Boronia kalumburuensis
- Conservation status: Priority Two — Poorly Known Taxa (DEC)

Scientific classification
- Kingdom: Plantae
- Clade: Tracheophytes
- Clade: Angiosperms
- Clade: Eudicots
- Clade: Rosids
- Order: Sapindales
- Family: Rutaceae
- Genus: Boronia
- Species: B. minutipinna
- Binomial name: Boronia minutipinna Duretto

= Boronia minutipinna =

- Authority: Duretto
- Conservation status: P2

Species of flowering plant

Boronia minutipinna is a plant in the citrus family Rutaceae and is endemic to a small area in the Kimberley region of Western Australia.
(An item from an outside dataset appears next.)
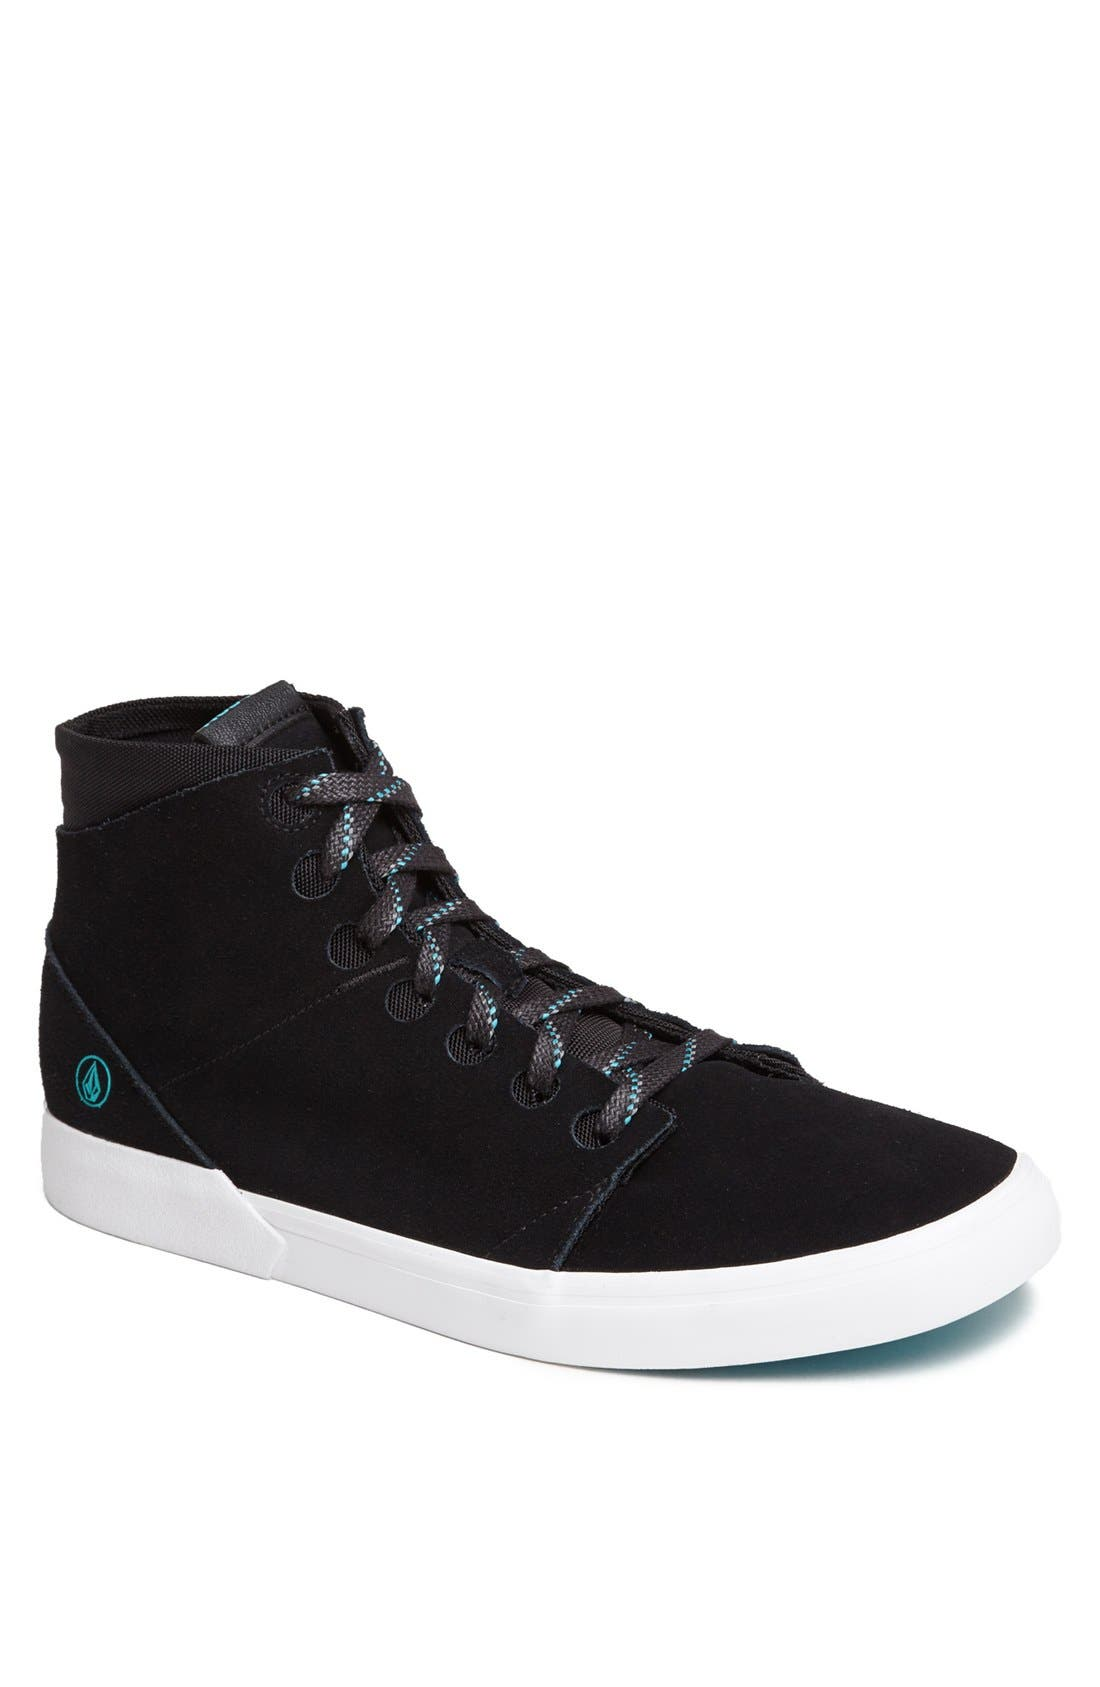 Alternate Image 1 Selected - Volcom 'Buzzard' Sneaker

It is an erect shrub with many branches, hairy stems and leaves, pinnate leaves and white to pink, four-petalled flowers with the sepals longer and wider than the petals.

==Description==
Boronia minutipinna is an erect, much branched shrub that grows to 50 cm high. Its branches and leaves are covered with star-like hairs. The leaves have between 17 and 35 leaflets and are 5-34 mm long and 2-4 mm wide in outline. The end leaflet is elliptic, 1-2 mm long and 0.5-1.5 mm wide, the side leaflets are rhombic, 0.5-1.5 mm long and wide. The flowers are white to pink and are arranged singly in leaf axils. The four sepals are triangular, 3-4 mm long and 1.5-2 mm wide, longer and wider than the petals. The four petals are 2.5-3 mm long 1.5-2 mm wide. The sepals and petals increase in size as the fruit develops. Flowering has only been observed in July.

==Taxonomy and naming==
Boronia minutipinna was first formally described in 1997 by Marco F. Duretto from a specimen collected on the Osmond Plateau, and the description was published in Nuytsia. According to Duretto, the specific epithet (minutipinna) is derived from the Latin minutas meaning "small" and pinnae meaning "wings", referring to the small leaflets. The word for "small" in classical Latin is minutus (masculine), minuta (feminine) or minutum (neuter).

==Distribution and habitat==
Boronia minutipinna is only known from the Osmond Plateau in the Kimberley region of Western Australia where it grows in sand between boulders.

==Conservation==
This boronia is classified as "Priority Two" by the Western Australian Government Department of Parks and Wildlife meaning that it is poorly known and from only one or a few locations.